While understanding the need for Trump coverage, Abramson said she’s concerned about the cumulative effect of so many stories reacting to things the president says.

“He is a master at manipulating us… that’s the only thing I think he has substantive knowledge about,” she said.

In an early version of her book proposal, Abramson had Fox News as one of the organizations she would study. But she said she concluded that Fox had been examined effectively in print elsewhere. She also wanted to look at organizations that had suffered and faced reinvention because of business problems, and Fox has been relatively consistent in its approach and success. She also considered Breitbart News, but her publisher urged her off on the grounds that it was becoming less influential.

Abramson said she considers the man who fired her to be the biggest hero in her book. That’s former publisher Arthur Ochs Sulzberger Jr., who let her go after she had a dispute with then-deputy Dean Baquet, who succeeded her.

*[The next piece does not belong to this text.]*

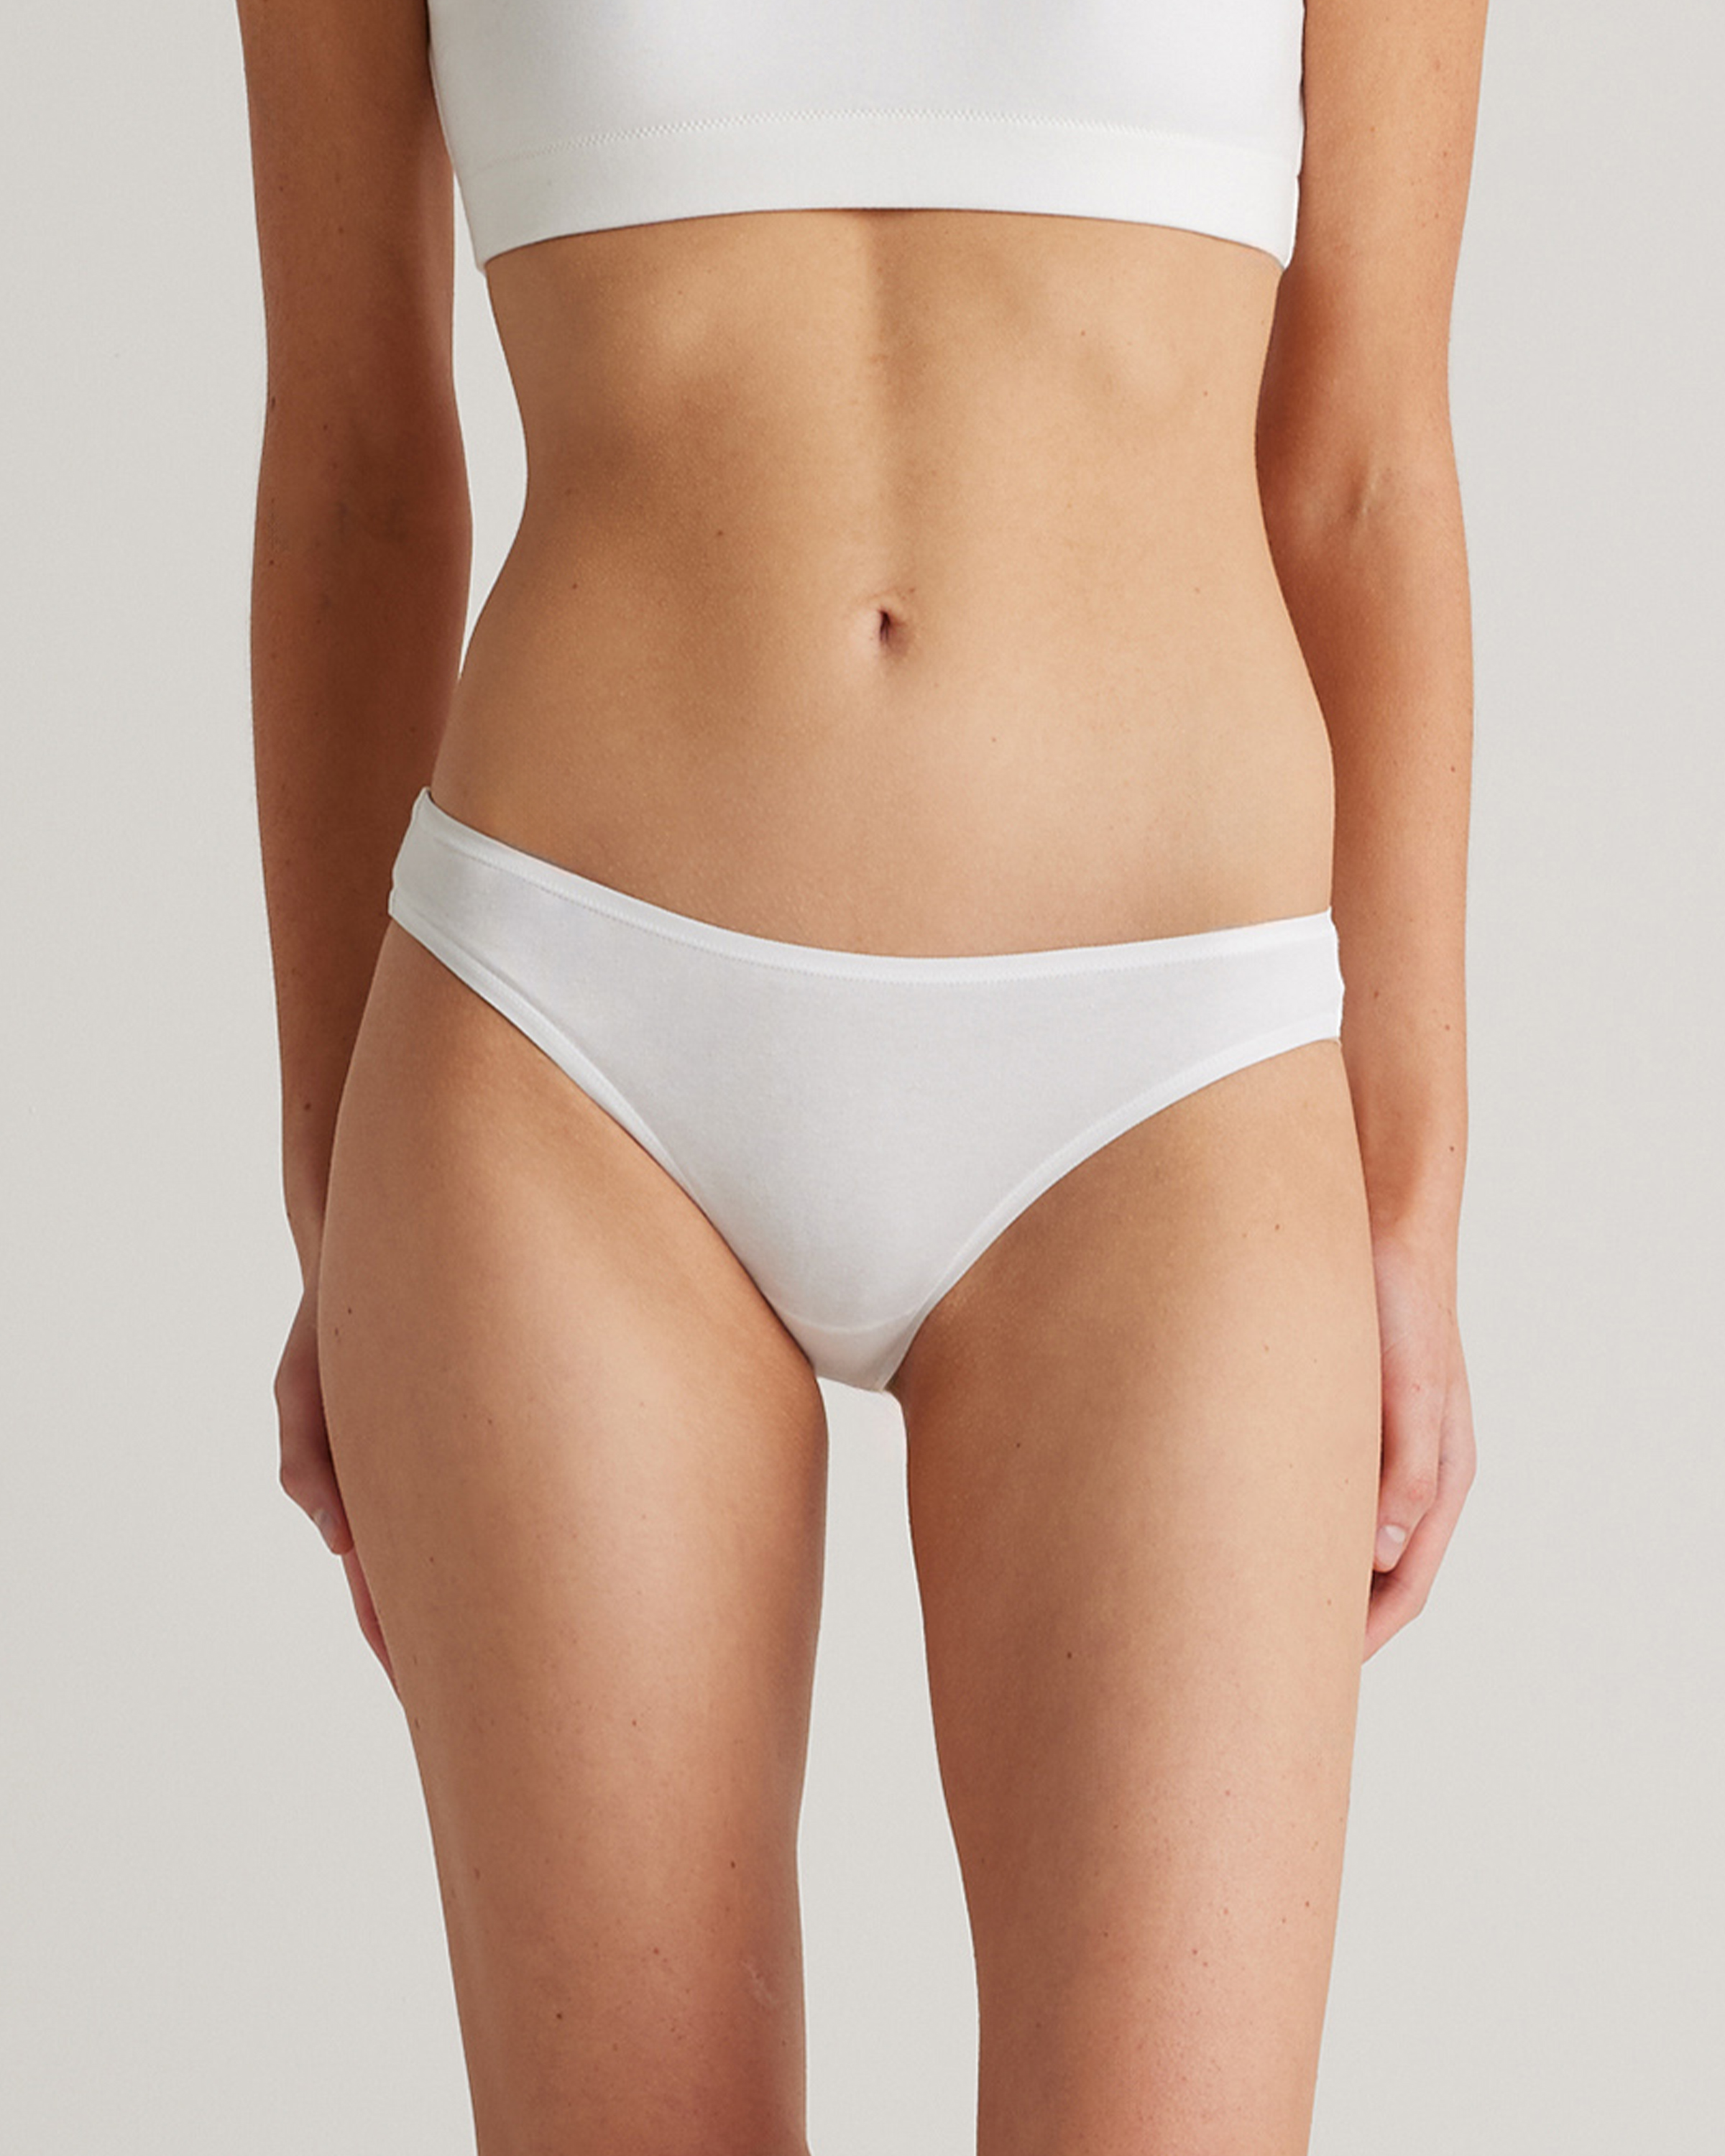 Teal Satin String Bikini panties, classic style for women and men!

Sulzberger managed to steer the Times through a troubled financial period without the newspaper losing quality, she said.

“The Times is the indispensable publication and he kept it that way,” she said, “and he has never gotten the credit he deserved for it.”

Abramson said she began the book with a pessimistic view of where journalism was headed. But she said there has been a tremendous amount of good work done in the past few years. The Times and Post have many examples, but she also cited Vice’s reporting on the white nationalist community and Buzzfeed’s work on the technological sector.

“There have been a lot of healthy things in journalism that will outlast this presidency,” she said.